The rectifiers have to survive long enough to throw the breaker, no matter how old or cranky it might have gotten. The resistor is used to swamp effects of stray leakage conductions, keeping the voltage difference between signal ground and PE (chassis ground) very close to zero. If allowed to drift very far this voltage difference would begin to let a rectifier begin conducting, defeating the purpose of the ground breaker.
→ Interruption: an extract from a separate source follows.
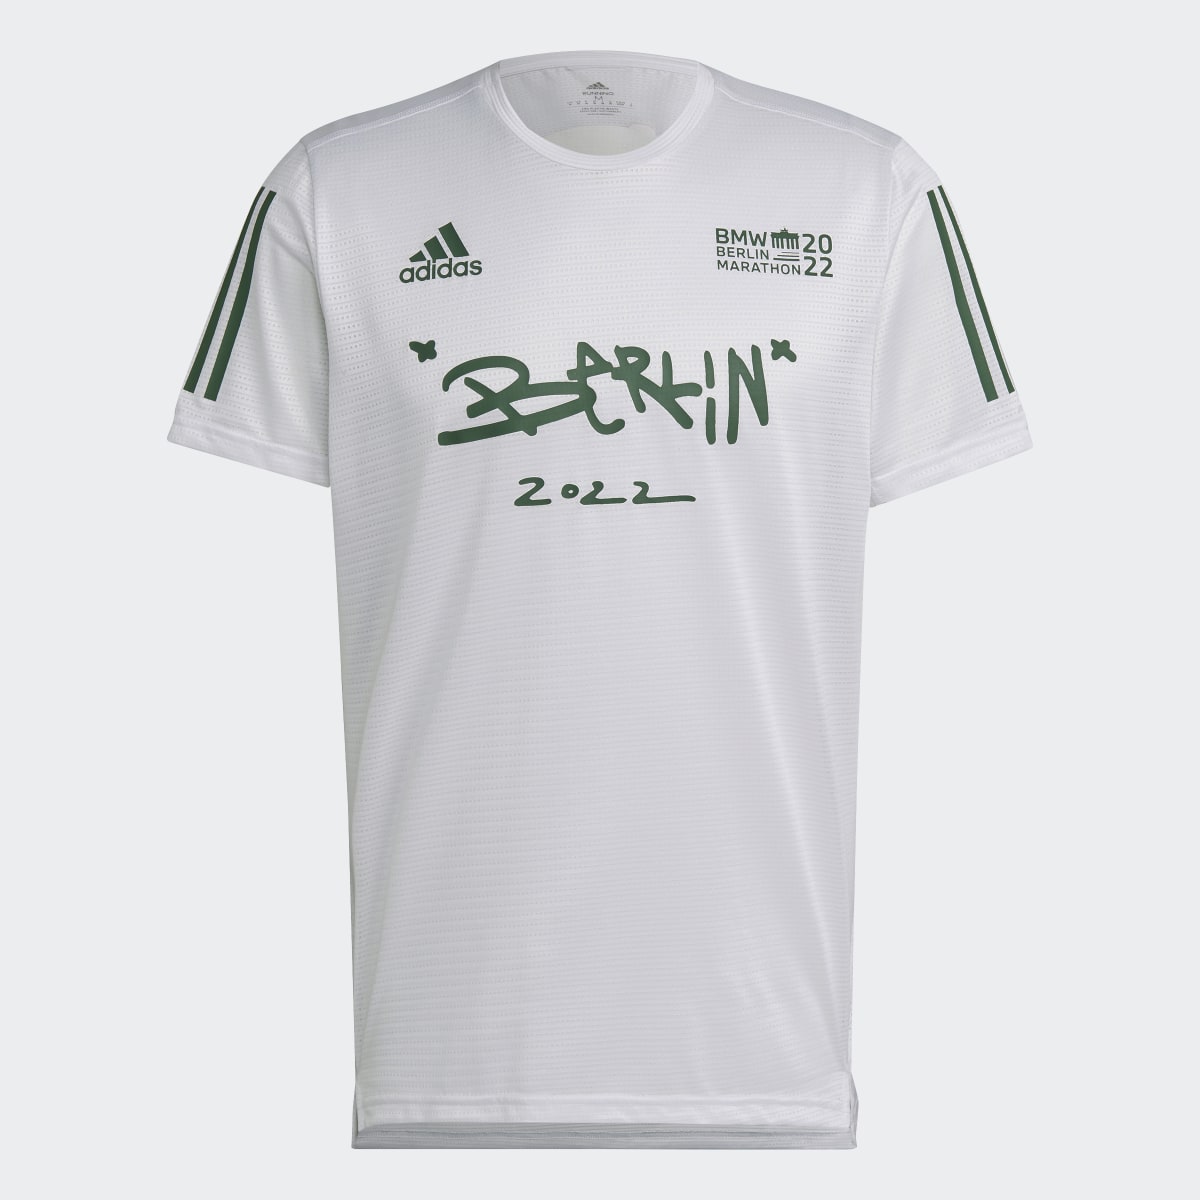 Adidas Berlin Marathon 2022 T-Shirt. 5

The reason to break ground paths here is that PE / safety ground / chassis is a potential other path for signal return currents. Worst case would be signal return > PE > long wire to panel > another long wire from panel > PE of a connected device > signal return of that device > interconnecting cables > and around, making a giant ground loop. If everything is plugged into the same power strip this ground loop path is kept smaller and local, and in almost all home installations, perfectly fine. But sometimes this isn't possible.
All good fortune,
Chris
The reason to break ground paths here is that PE / safety ground / chassis is a potential other path for signal return currents. Worst case would be signal return > PE > long wire to panel > another long wire from panel > PE of a connected device > signal return of that device > interconnecting cables > and around, making a giant ground loop. If everything is plugged into the same power strip this ground loop path is kept smaller and local, and in almost all home installations, perfectly fine. But sometimes this isn't possible.
All good fortune,
Chris
If there are no components there between 0V and ground then a short of HT to chassis would place 0V at -HT. So if the rest of your system is floating then you are in for a nasty surprise. Whatever you use for safety it must not go O/C if a fault occurs. I agree 1A diodes may be a bit weedy if the HT can deliver more than 1A.